By the way, apologies for the rather lame title of this post but I couldn't quite bring myself to call it "No, a carpenter; not a cottager..." as I first intended. Although apparently I can bring myself to point that out.

Update: Other Herald letter writers respond to Mr Brennan.

October 19, 2006

Serving the Hungry Mile

Here's Chris Graham, editor of the National Indigenous Times, commenting in today's Crikey about Paul Keating's reaction to the decision to name East Darling Harbour, known during the Depression as the Hungry Mile, after Barangaroo, the wife of Bennelong (particularly PK's crack that "if the NSW Government is having pangs of colonial conscience, it can support the Perth Aborigines against the Western Australian Government in the Noongar appeal. That would be useful rather than trivial."):
The former PM makes an excellent point. White Australia has a very nasty habit of embracing Aboriginal culture when it suits, then stomping all over it when it thinks there’s cash or land involved.

...

For a start, it’s grossly offensive to Aboriginal people to name someone who is deceased (which is why place names have almost always been based on Aboriginal words, not individuals). But given that the average blackfella spends as much time worshipping the memory of Bennelong and his wife as they do handing out how-to-vote cards for John Howard, it probably won’t offend too deeply.

Because, you see, to quote the Herald, Bennelong was "the Aborigine adopted by the first white settlers." In other words, he was a ‘jacky jacky’. A blackfella who gave aid and comfort to the enemy.

It’s no coincidence that the first black man to help the white invaders has been immortalised by that most odious of institutions, the Bennelong Society. And it’s ironic that his wife is now being immortalised by that other great western institution, the shopping mall.

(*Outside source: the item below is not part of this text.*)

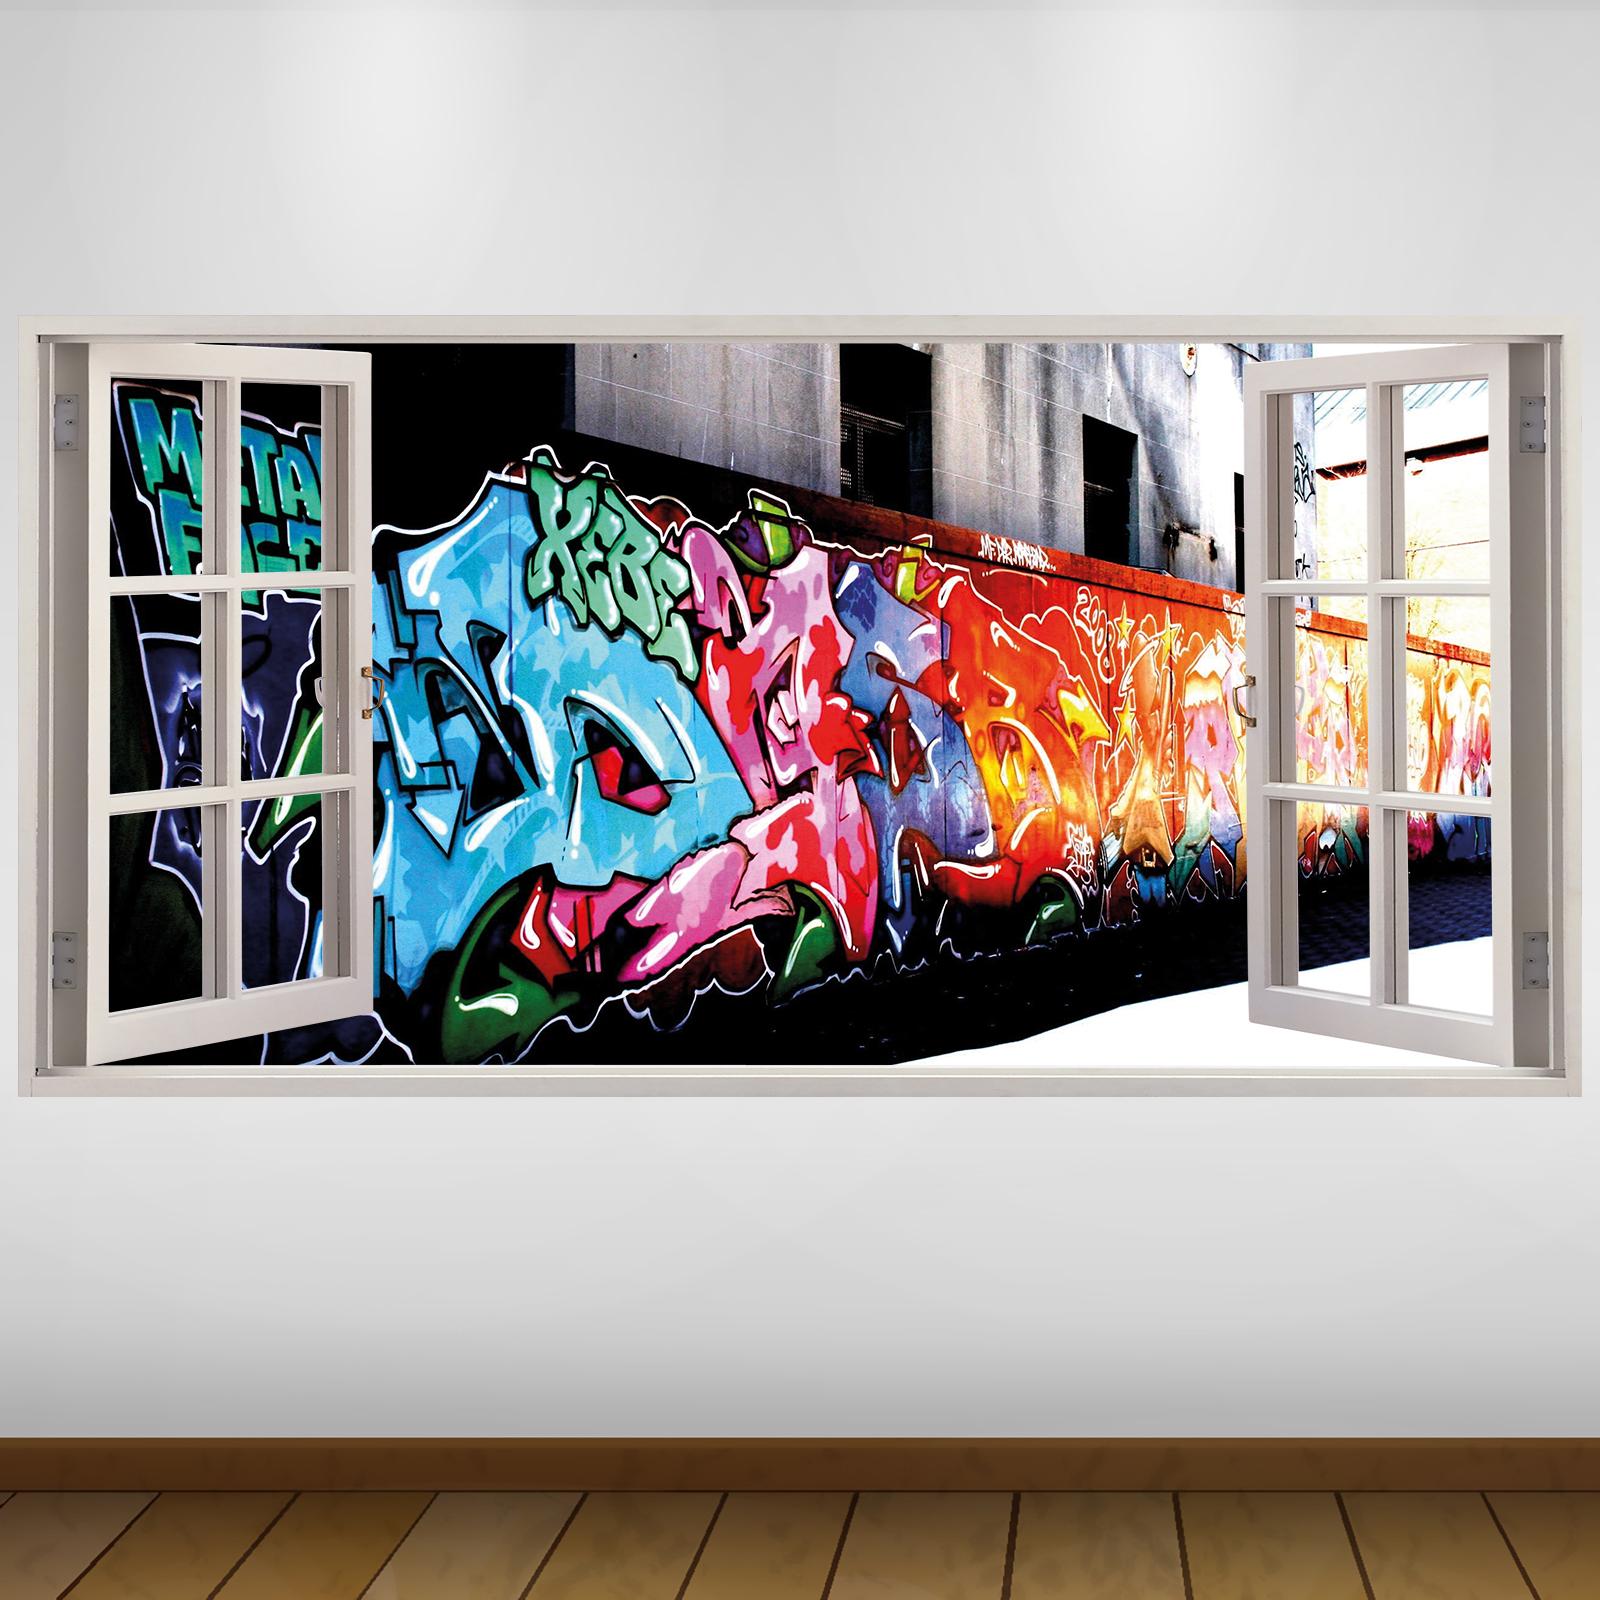 EXTRA LARGE Graffiti Wall City 3D Vinyl Wall Art Decal ...

It’s a very ‘white’ thing to honour Aboriginal culture with the name of someone who helped decimate it.

October 10, 2006

The Sacred Honor of the Great Speckled Bird

Over at Millard Fillmore's Bathtub, Ed Darrell, with apophenically good timing, brings us the story of the USS Pueblo, captured in January 1968 by the North Koreans and held for eleven months. Despite mistreatment, the Pueblo's crew took advantage of their hosts' cultural confusion to register their disdain of the attempts to turn their capture to the DPRK's propaganda advantage, such as when they convinced their captors that photographs taken to show how well they were being treated would be enhanced if the crew gave the middle finger salute that was a well-known Hawaiian good luck sign. Pressured to sign a confession of American wrong-doing, the Pueblo's captain, Lloyd Bucher, made sure to fill it with florid absurdities and double meanings, such as swearing its truth "on the sacred honor of the Great Speckled Bird". His description of the mission briefing was worthy of Spike Milligan:
Our first stop was Hawaii where I visited the kingpin of all provocateurs, including spies. None other than Fleet General Barney Google. He was all I had been told, sly, cunning, closed mouthed, bulbous nosed, smelling of musty top secrets and some foul smelling medicine that kept him going twenty hours a day in pursuit of the perfect spy mission. He talked haltingly with me but persuasively about our forthcoming mission. “By God, Bucher, I want you to get in there and be elusive, spy them out, spy out their water, look sharp for signs of electronic saline water traps. You will be going to spy out the DPRK. By the sainted General Bullmoose we must learn why they are so advanced in the art of people’s defense.”

...

Surely we had to find out how come such a newly created government could lead its peoples so quickly into the number one position. As we went about detecting this valuable information, particularly the oceanic salinity, density, ionic dispersion rate, humpback whale counts, both low and high protoplasmic unicellular uglena and plankton counts. This information was of the highest value to our own scientists for the development of war mongering at sea when no one was looking.
Mr Darrell has more.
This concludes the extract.